BEGIN DATA

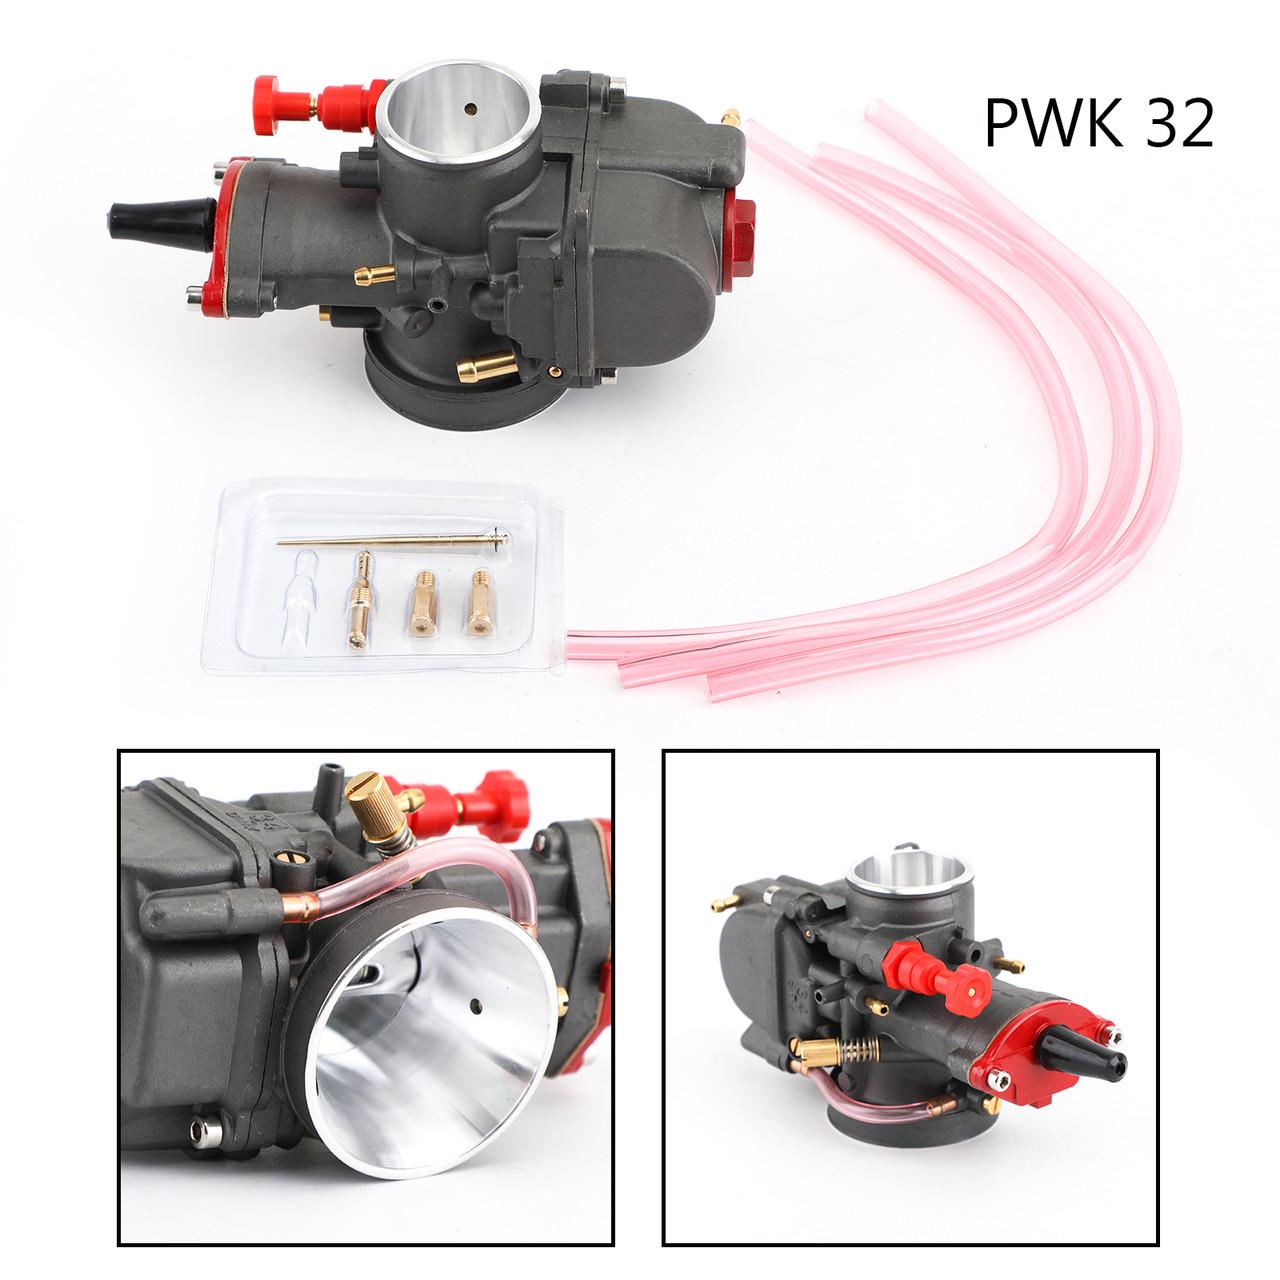 Super Performance KOSO OKO PWK 32mm Power Jet Carburetor Carb For Dirt Bike ATV Black
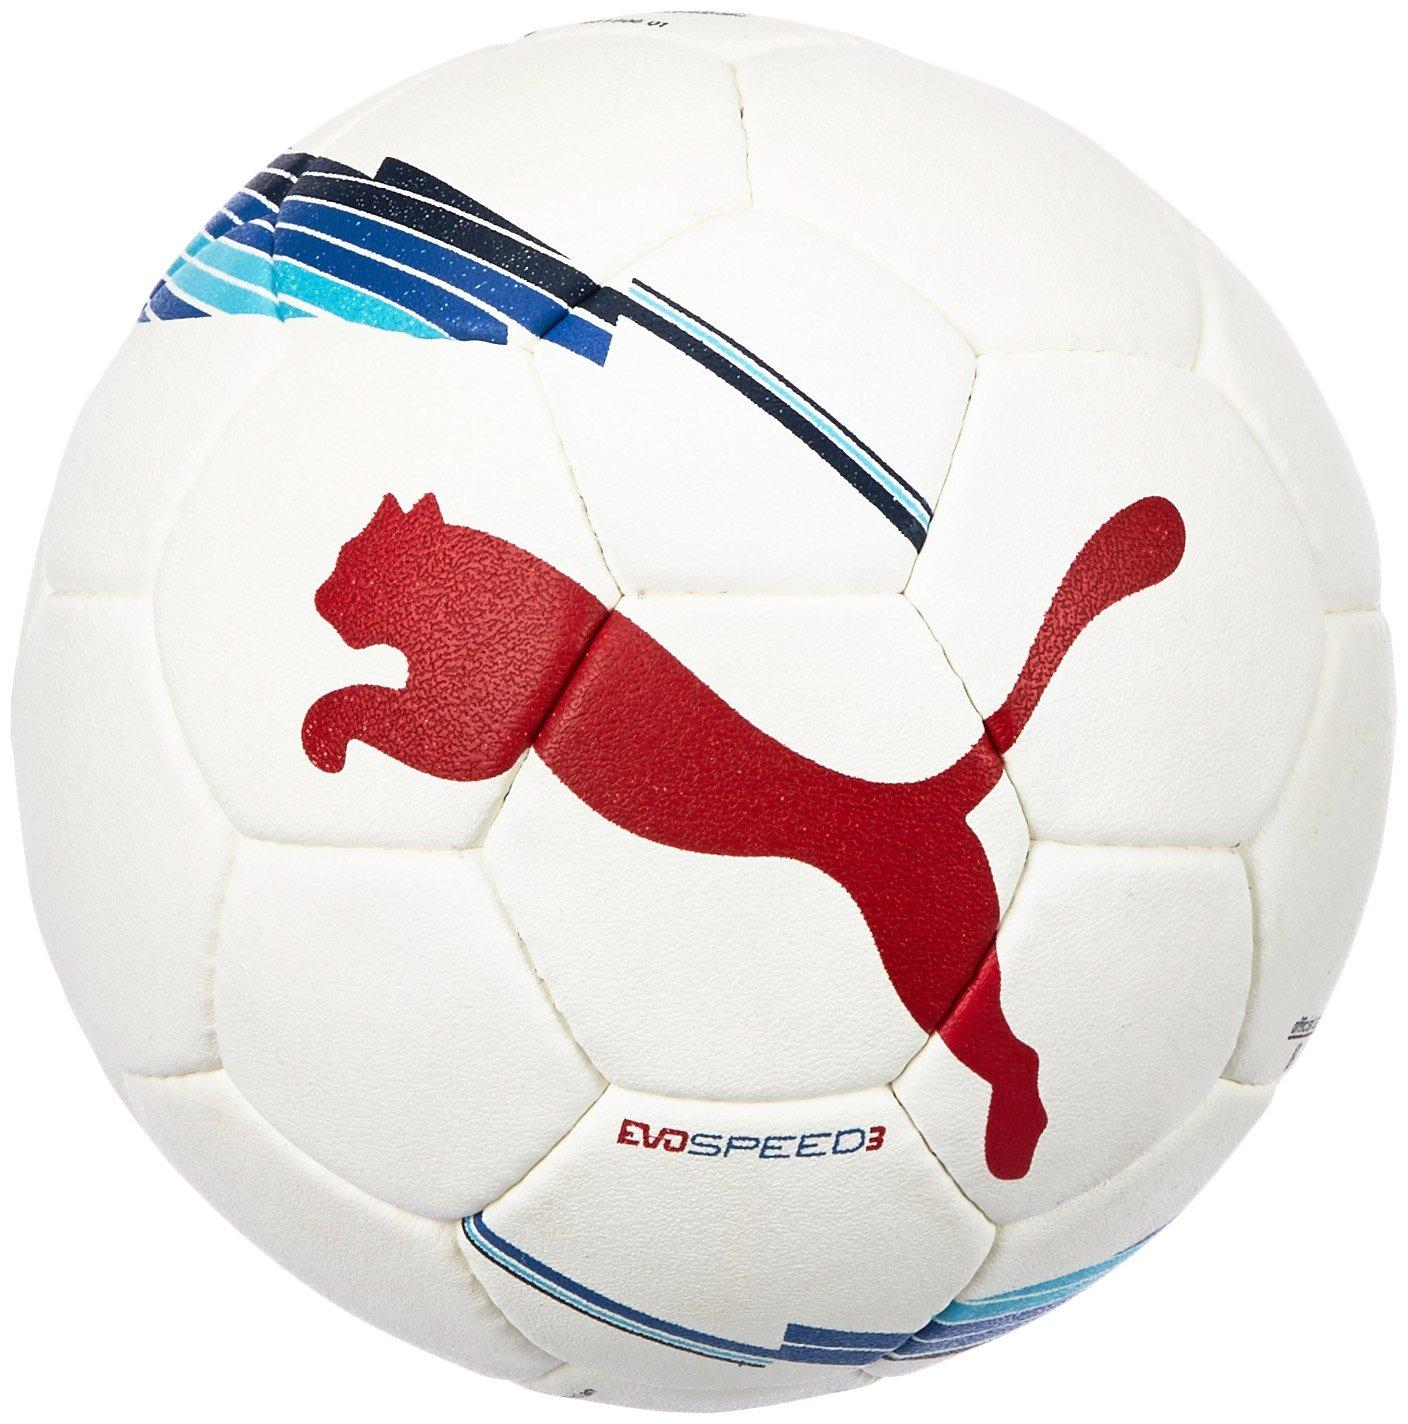 PUMA Handball Evospeed 3 HB - Pelota de Balonmano, Color Blanco ...
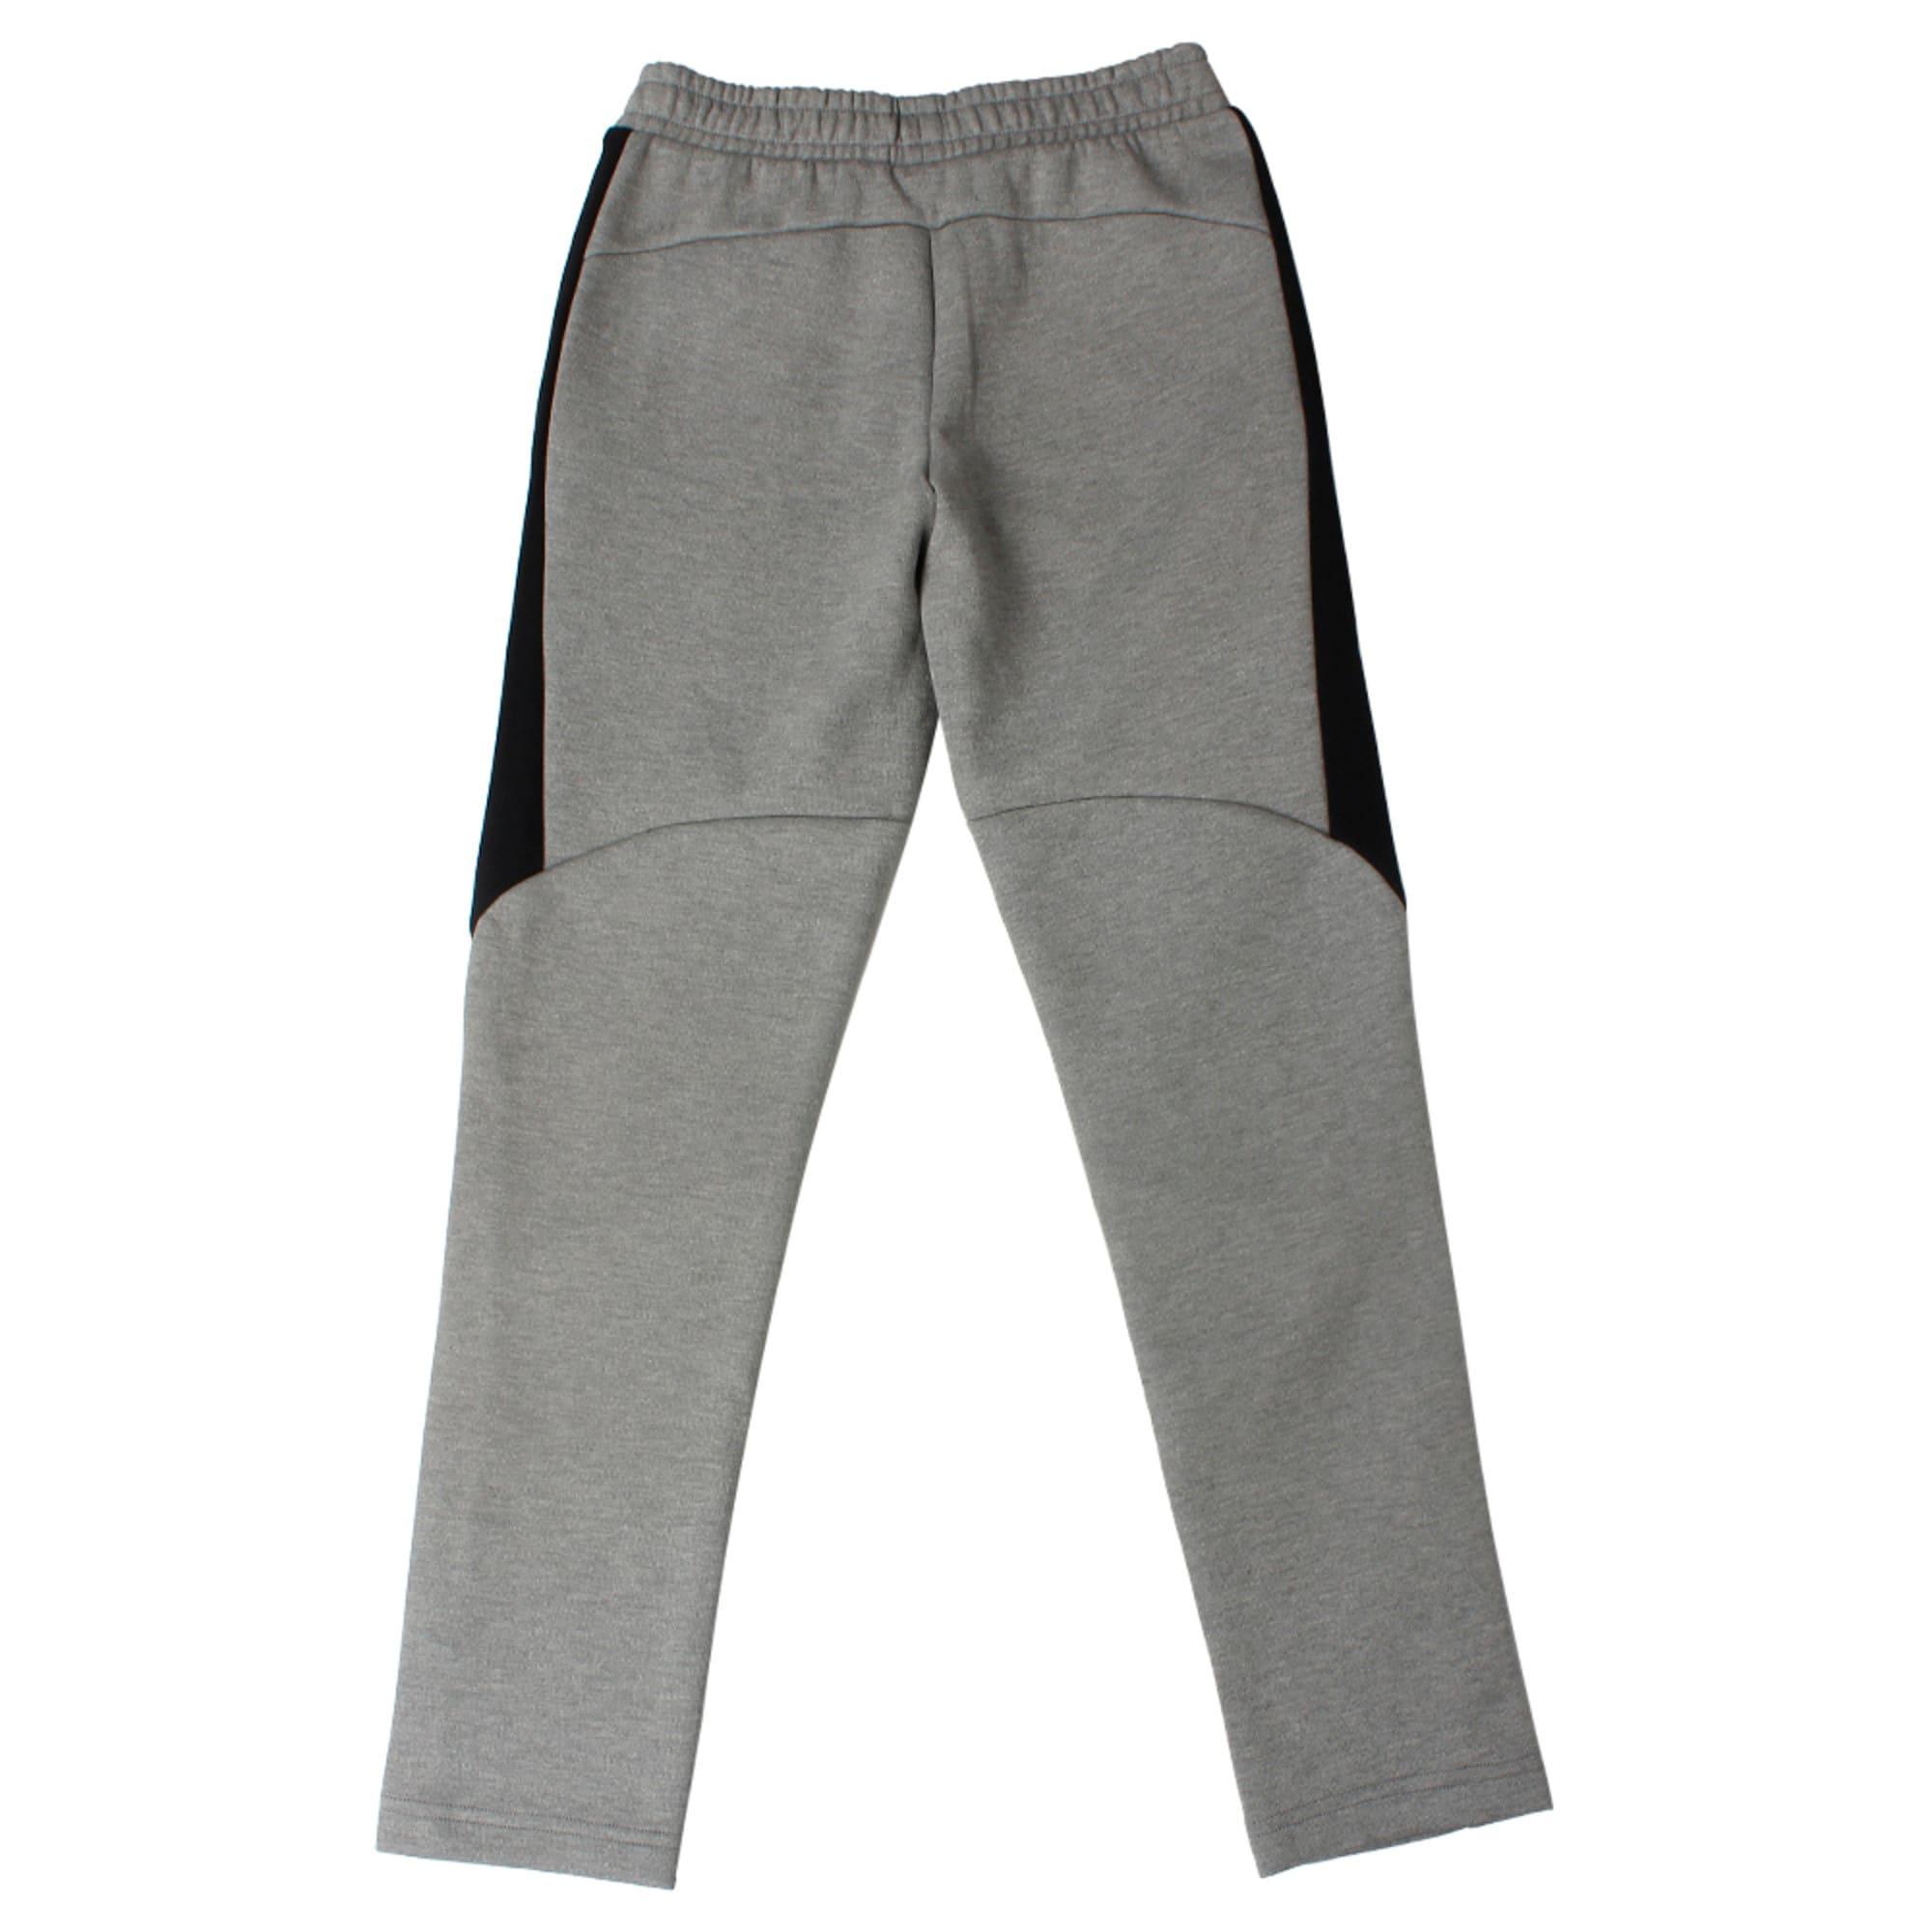 Thumbnail 2 of Evostripe Move Boys' Pants, Medium Gray Heather, medium-IND

END DATA

* **YOUR TASK**: Transcribe the listing above exactly, leaving every picture out.

* **WORKED SOLUTION**:
 Super Performance KOSO OKO PWK 32mm Power Jet Carburetor Carb For Dirt Bike ATV Black
 PUMA Handball Evospeed 3 HB - Pelota de Balonmano, Color Blanco ...
 Thumbnail 2 of Evostripe Move Boys' Pants, Medium Gray Heather, medium-IND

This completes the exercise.